Here we provide some checkpoints trained on Replica scenes.
Inference
Render the scene views after training by running the following script:
python scripts/render.py <dataset-dir>/<scene> \
--stride 1 \
--model-dir <model-dir> \
--out <out-dir> \
--checkpoint <lseg-weights> \
--label-map <label-map>
where <model-dir>
is the folder where the model checkpoint is saved (e.g. <workspace>/<scene>/g15_hg+freq_lseg_rgb1.0_d0.1_s1.0_f0.5_c0.1
). <out-dir>
sets the output folder where the rendered results are saved. <label-map>
is the label mapping from id to semantic class of the scene (here is an example label-map file that we used for replica scenes).
Evaluation
Scene-level Panoptic Quality and 2D Semantic Segmentation
python scripts/language/evaluate.py <dataset-dir> \
--vis <evaluation-folder/vis> \ # the folder to save the visualization results.
--workspace <workspace> \
--out <evaluation-folder> \ # the folder to save the evaluation results.
--label-map <label-map> \
--feature-checkpoint <lseg-weights> \
--panoptic # the flag to evaluate scene-level PQ and 2D semantic segmentation.
# --debug # whether to save the visualization images.
3D Semantic Segmentation (only for ScanNet)
python scripts/language/evaluate.py <dataset-dir> \
--vis <evaluation-folder/vis> \ # the folder to save the visualization results.
--workspace <workspace> \
--out <evaluation-folder> \ # the folder to save the evaluation results.
--label-map <label-map> \
--feature-checkpoint <lseg-weights> \
--pc # the flag to 3D semantic segmentation.

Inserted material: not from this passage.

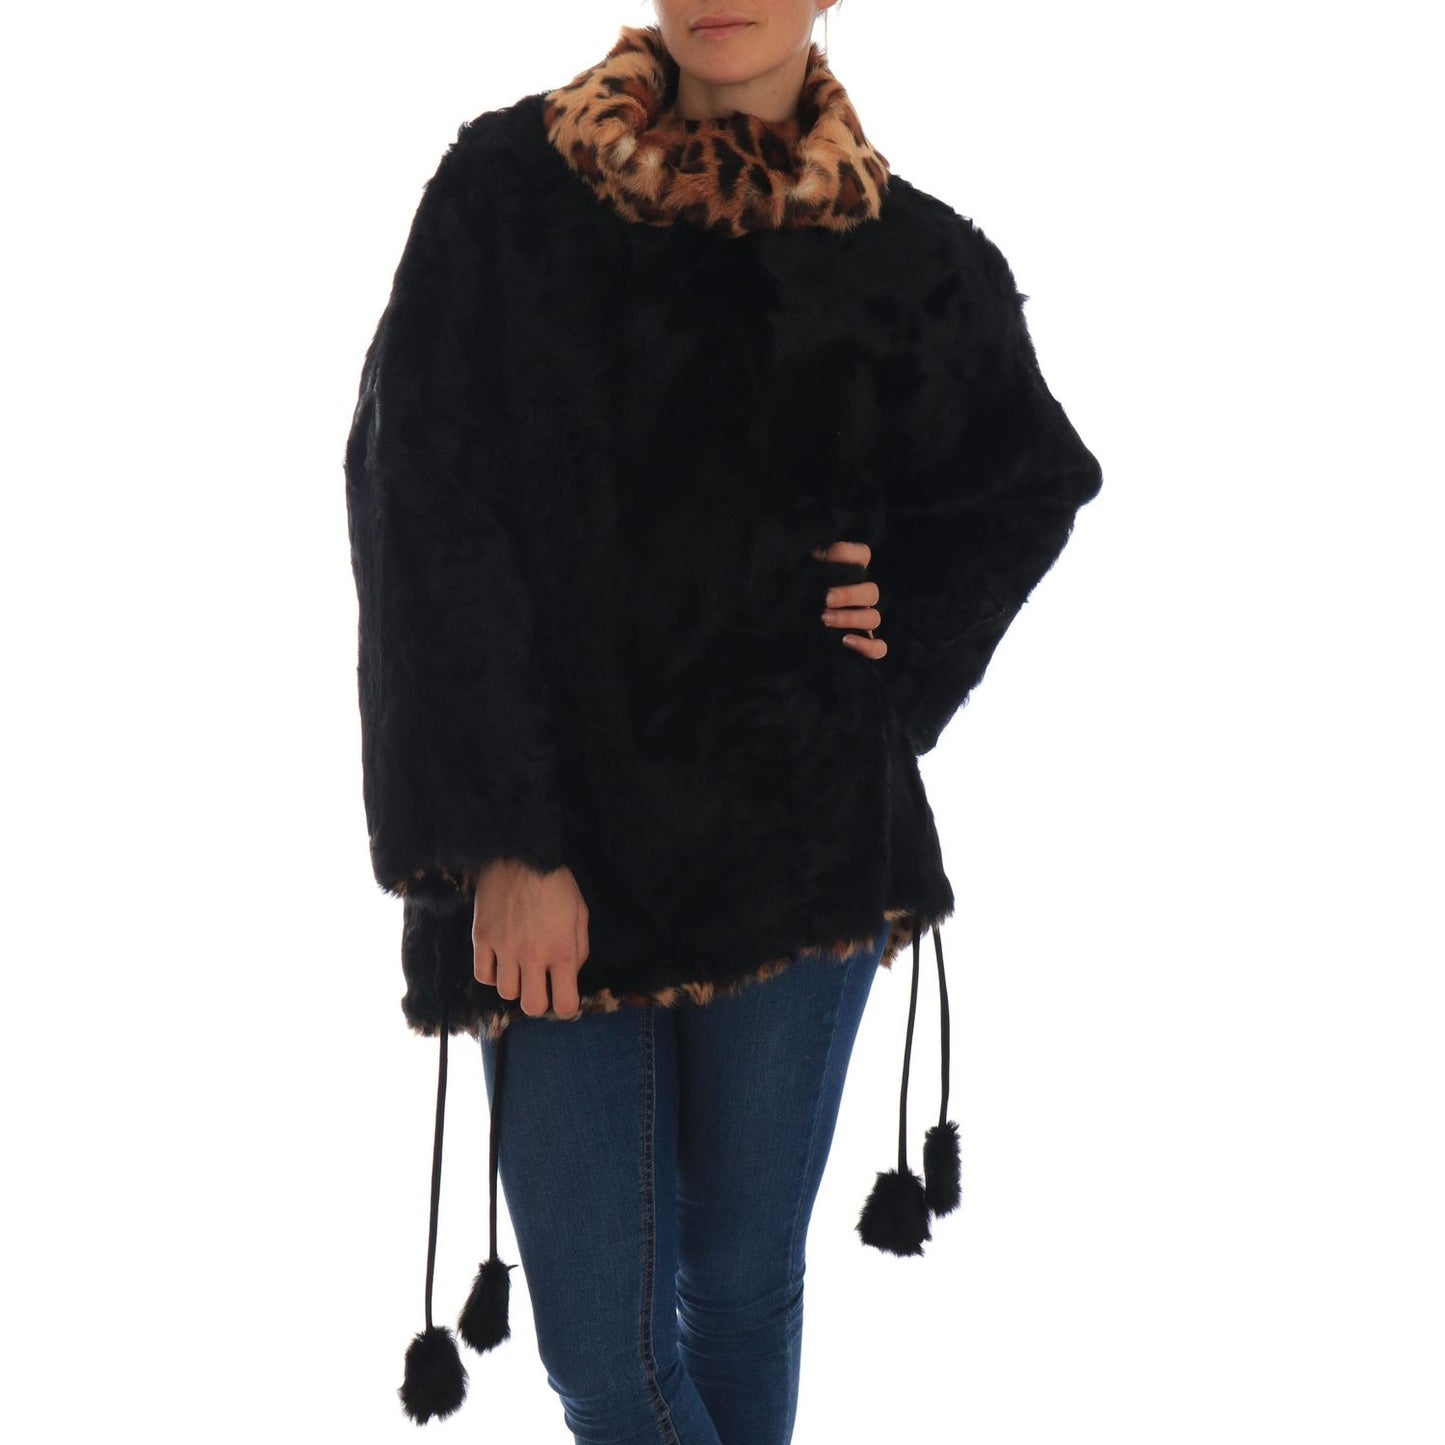 Dolce & Gabbana Elegant Black Lamb Fur Short Coat black-lamb-leopard-print-fur-coat-jacket 654682-black-lamb-leopard-print-fur-coat-jacket-5.jpg

3D interactive segmentation
We provide a demo UI script of interactive open-vocabulary segmentation on pointclouds of ScanNet scenes.
python scripts/demo_ui.py <dataset-dir>/<scene> \
--workspace <workspace> \
--checkpoint <lseg-weights>
demo_ui.mp4
Citation
If you find our code or paper useful, please cite:
@article{Chen2024PVLFF,
author = {Chen, Haoran and Blomqvist, Kenneth and Milano, Francesco and Siegwart, Roland},
title = {Panoptic Vision-Language Feature Fields},
journal = {IEEE Robotics and Automation Letters (RA-L)},
volume = {9},
number = {3},
pages = {2144--2151},
year = {2024}
}
Acknowledgements
A large part of the code is based on Autolabel:
-
K. Blomqvist, L. Ott, J. J. Chung, and R. Siegwart, "Baking in the Feature: Accelerating Volumetric Segmentation by Rendering Feature Maps", in IEEE/RSJ International Conference on Intelligent Robots and Systems (IROS), 2023 - Link
-
K. Blomqvist, F. Milano, J. J. Chung, L. Ott, and R. Siegwart, "Neural Implicit Vision-Language Feature Fields", in IEEE/RSJ International Conference on Intelligent Robots and Systems (IROS), 2023 - Link
Our code uses our customized version of torch-ngp
as the underlying NeRF framework. Big thanks to Jiaxiang Tang for releasing the initial implementation.